New research reveals activation mechanism of Thoeris antiviral defense system

Senior Researcher Dr. Giedrė Tamulaitienė and colleagues from Vilnius University Life Sciences Center (VU LSC), in collaboration with the researchers from Weizmann Institute of Sciences (Israel), revealed an activation mechanism of the Thoeris antiviral defense system effector.

The article, "Activation of Thoeris antiviral system via SIR2 effector filament assembly," was published in Nature. Scientists have determined the structure of the previously unknown active SIR2 effector of the bacterial defense system Thoeris (named after the Egyptian goddess who protects childbirth and fertility) and proposed an activation mechanism.

In addition to the well-known gene and genome scissors—restriction-modification and CRISPR-Cas systems—more than 100 different bacterial antiviral defense systems have been discovered. A group of scientists led by Dr. G. Tamulaitienė is studying the Thoeris bacterial defense system that consists of the TIR protein sensor and SIR2 effector protein.

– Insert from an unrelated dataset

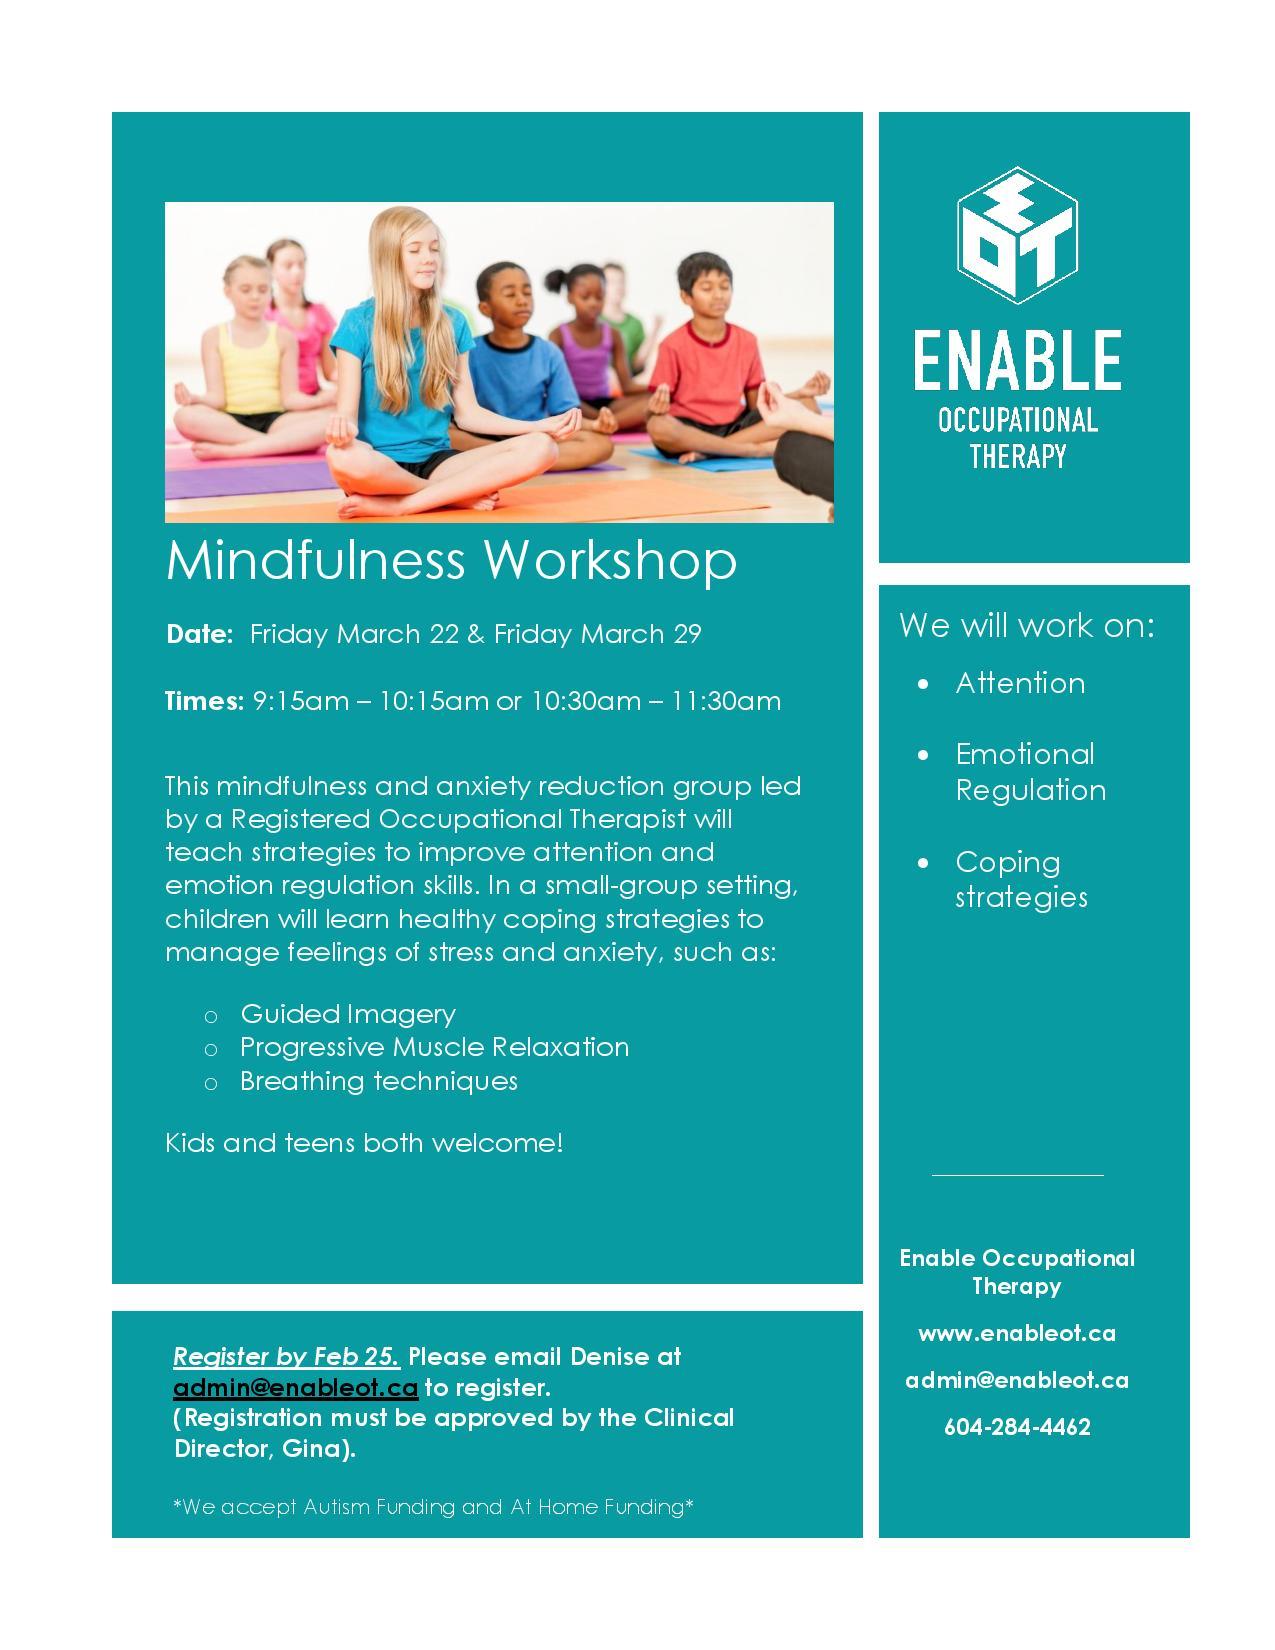 Mindfulness Workshop Poster.jpg

When the TIR sensor protein senses a viral infection, it sends a message—and synthesizes a unique small molecule called gcADPR. This messenger molecule is recognized by another protein of the Thoeris system, the effector SIR2 protein, which begins to degrade the molecule cofactor NAD, which is essential for the survival and reproduction of bacteria.

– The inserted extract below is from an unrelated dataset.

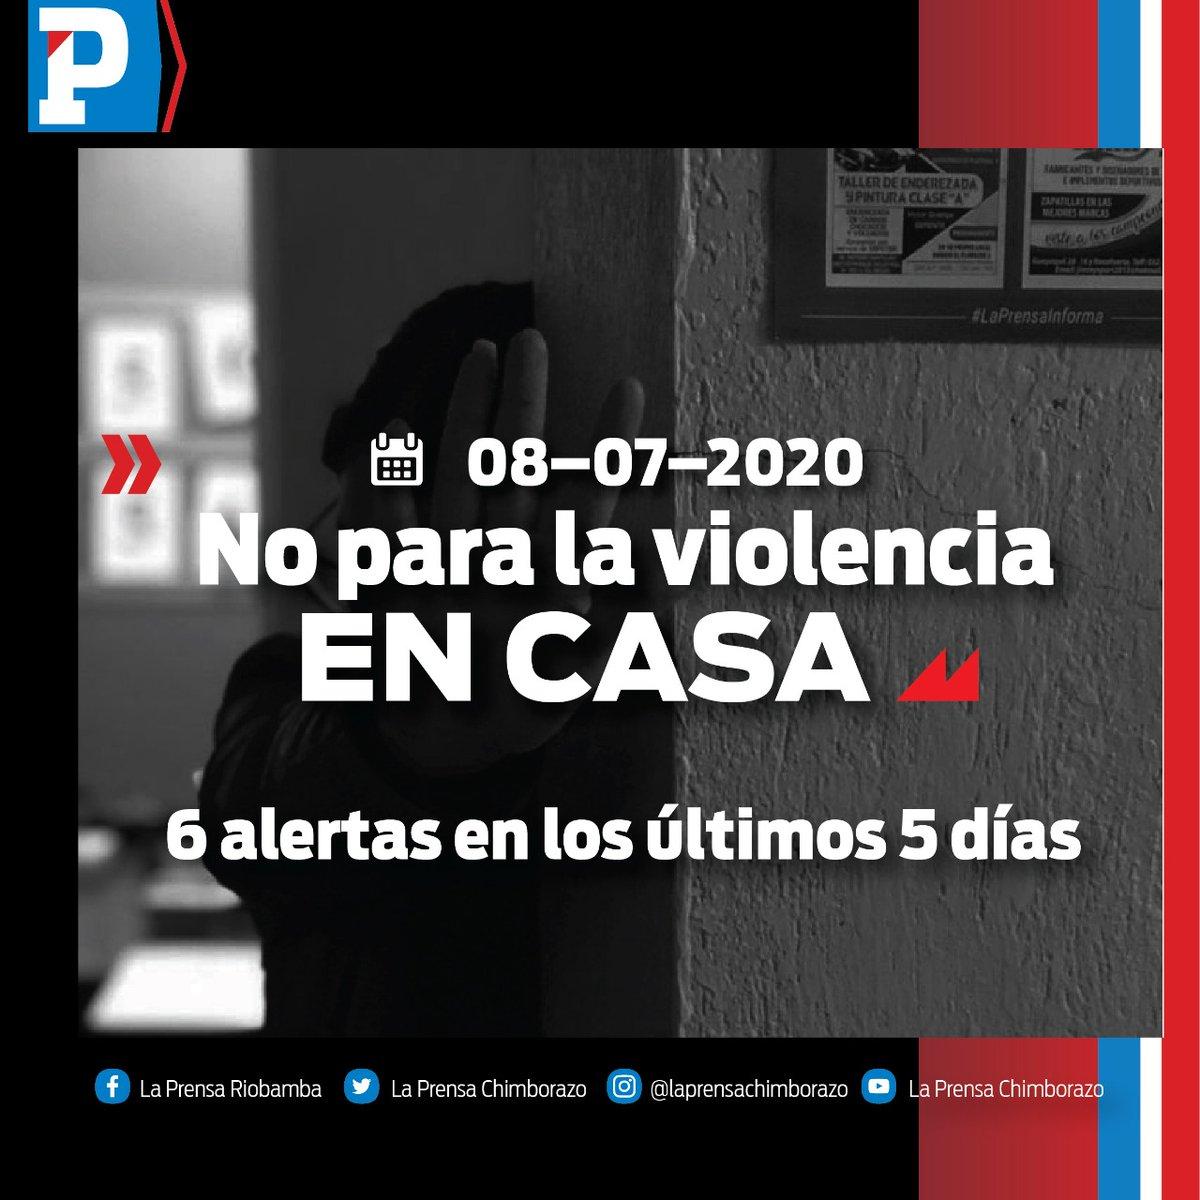 La Prensa Chimborazo

In this way, the infected bacterium surrenders—it dies before the virus can replicate, but this gives neighboring bacteria the ability to survive, thus preserving their population.

Until now, it was not known how the Thoeris effector reads the message and turns on its activity. Using cryogenic electron microscopy, scientists at Vilnius University determined the structure of the active effector and showed that, when it binds the molecule produced by the sensor, the SIR2 effector forms a long polymer–helical filament. The filament structure stabilizes the active center of the effector and ensures effective degradation of the NAD molecule.

"Some other bacterial antiviral systems also form filaments, but their biological significance was unknown until now. We have shown that filament formation helps to ensure a switch-like response: only when a certain level of virus signal is reached, the effector activity is switched on, and leads to bacterial death," says Dr. G. Tamulaitienė.